▶ TASK DESCRIPTION: Write the listing out again exactly as it stands, with no images.

▶ SUPPLIED INFORMATION:
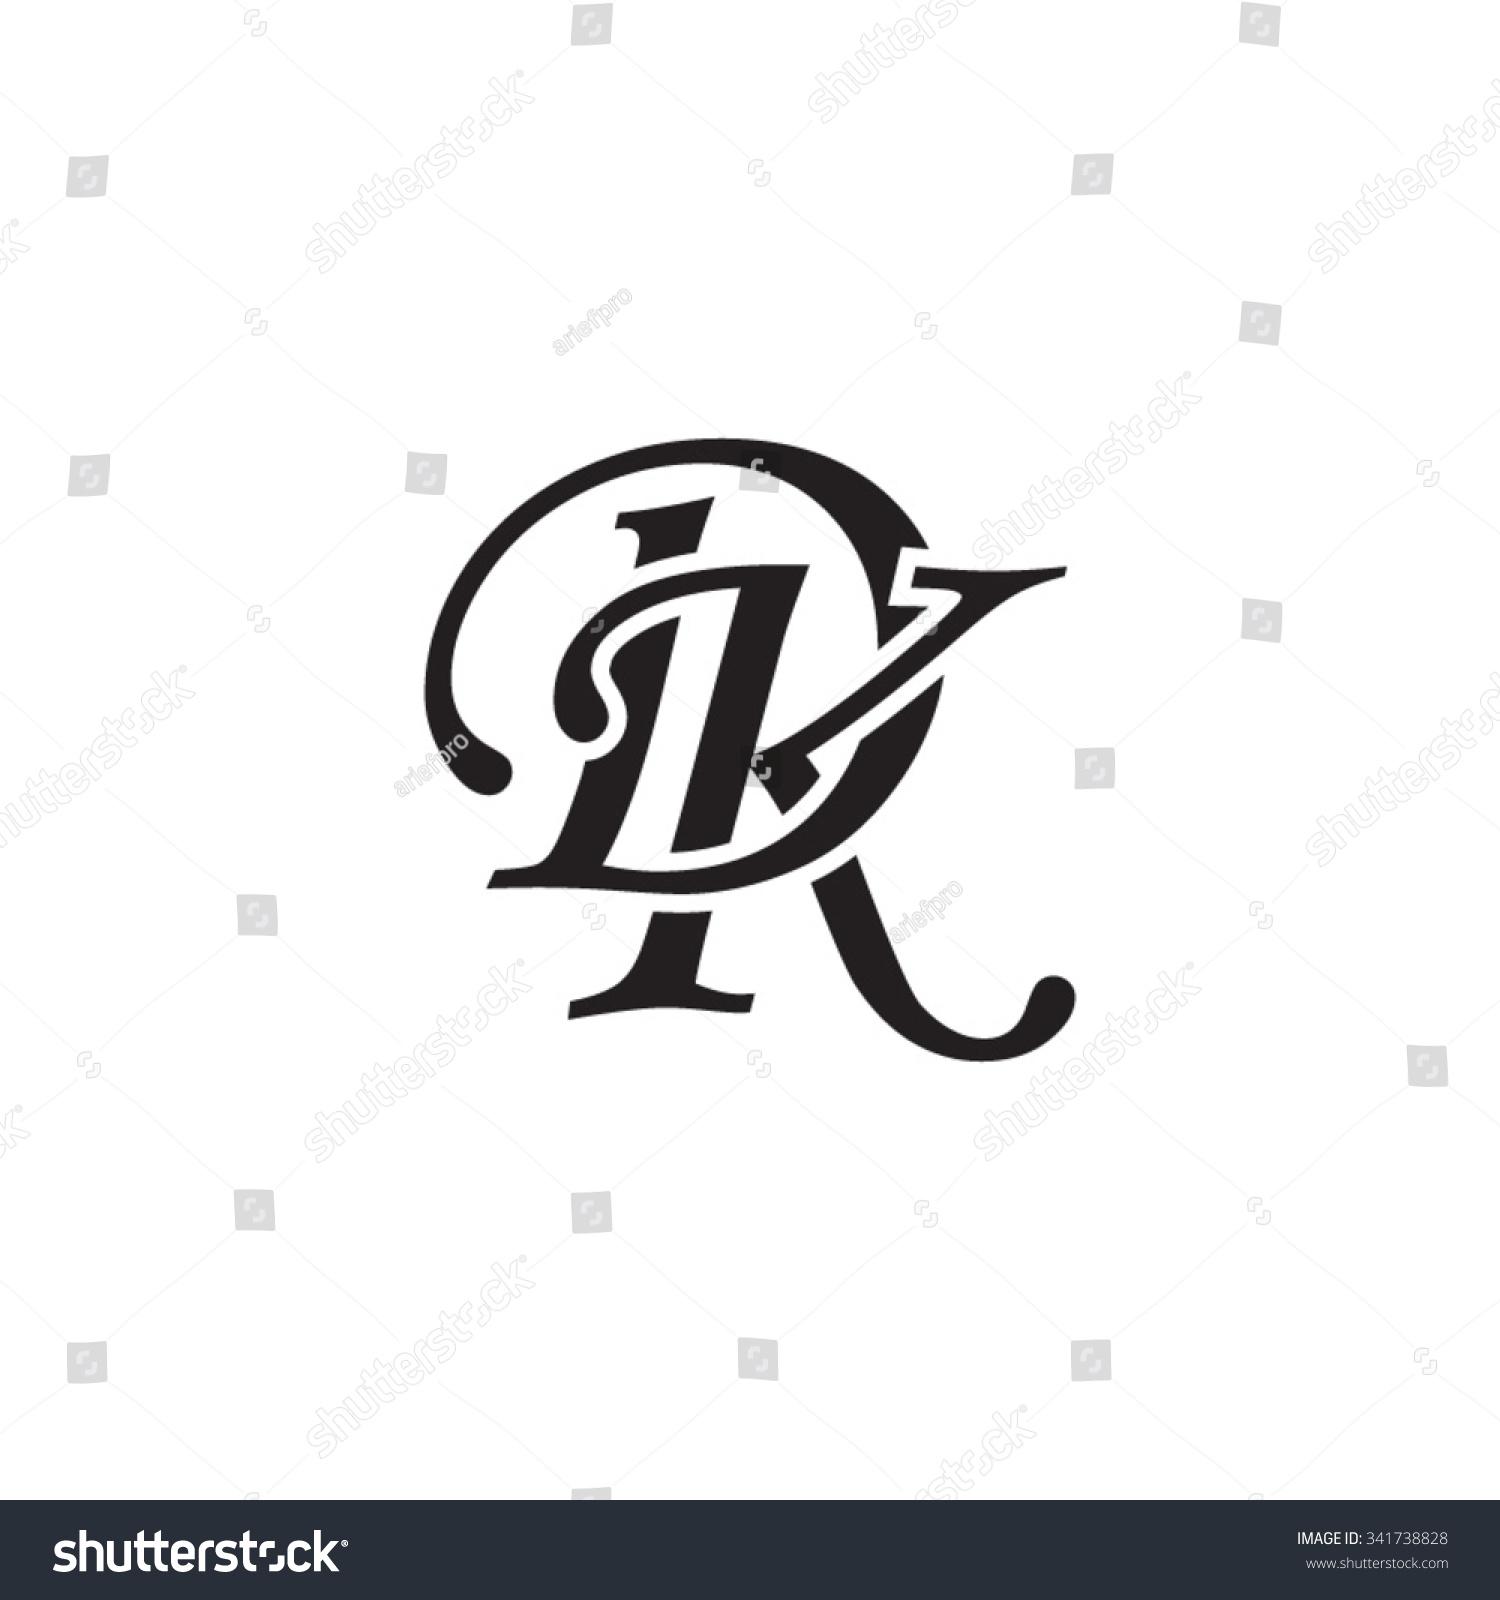 dk initial monogram logo stock vector royalty free 341738828
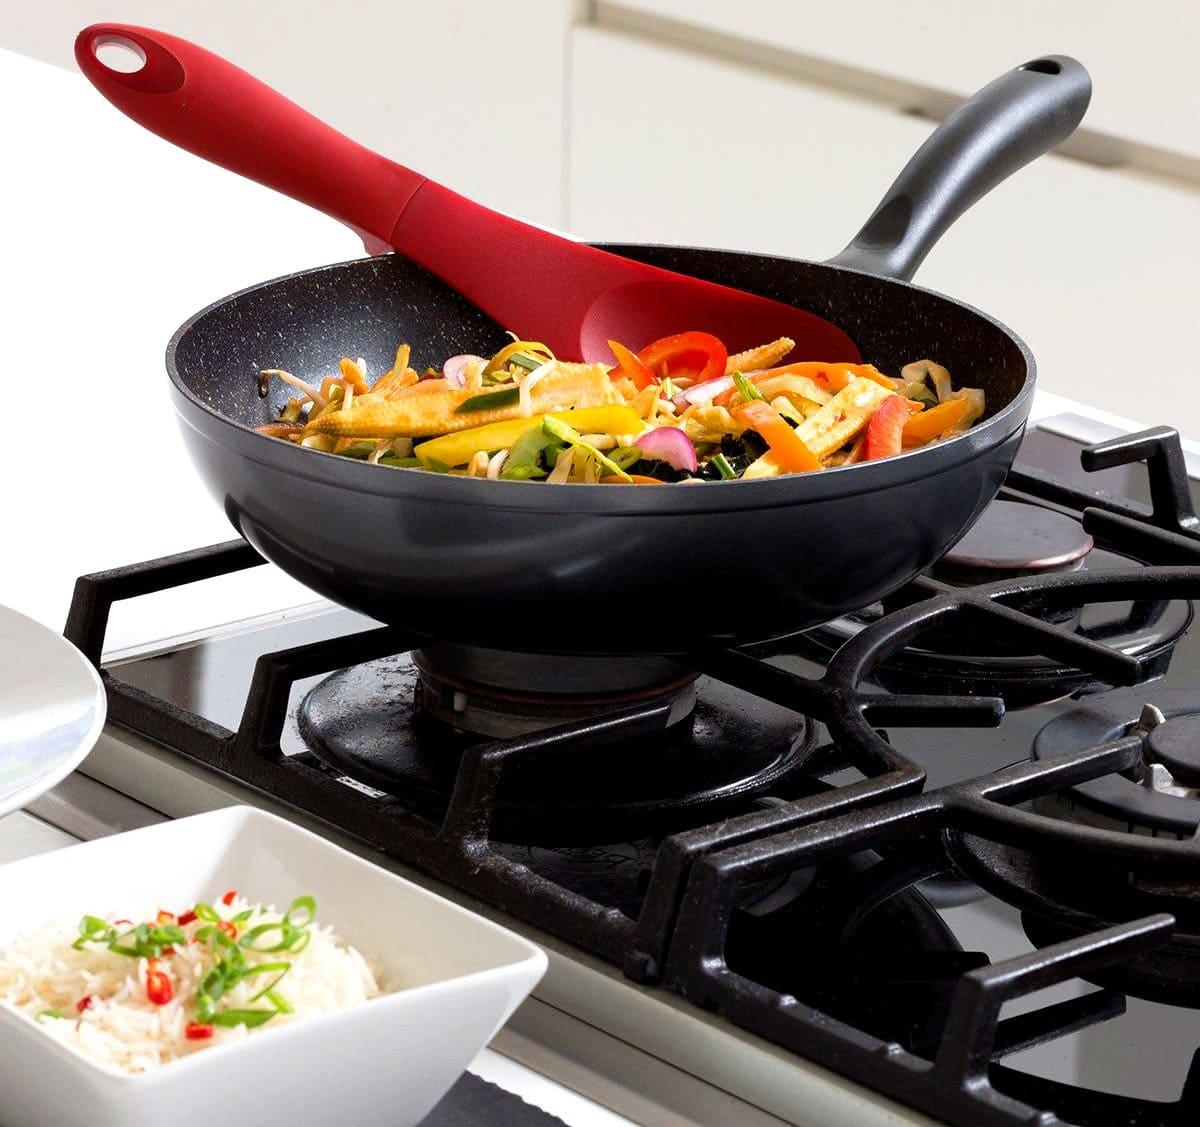 Во время приготовления пищи следует использовать деревянные и силиконовые лопатки
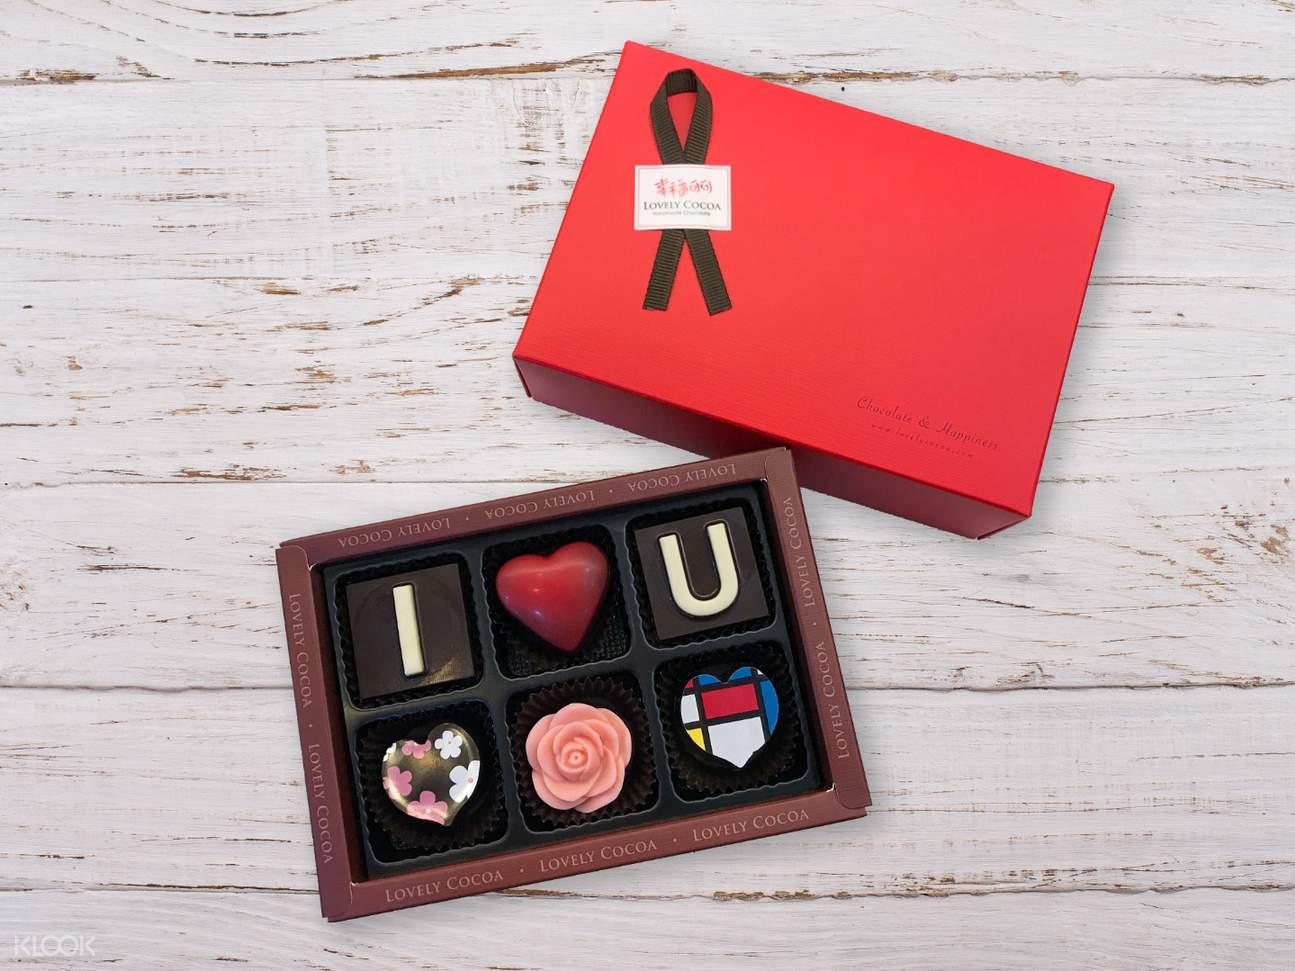 幸福可可黑巧克力專賣店 - 永康商圈

▶ EXERCISE RESULT:
 dk initial monogram logo stock vector royalty free 341738828
 Во время приготовления пищи следует использовать деревянные и силиконовые лопатки
 幸福可可黑巧克力專賣店 - 永康商圈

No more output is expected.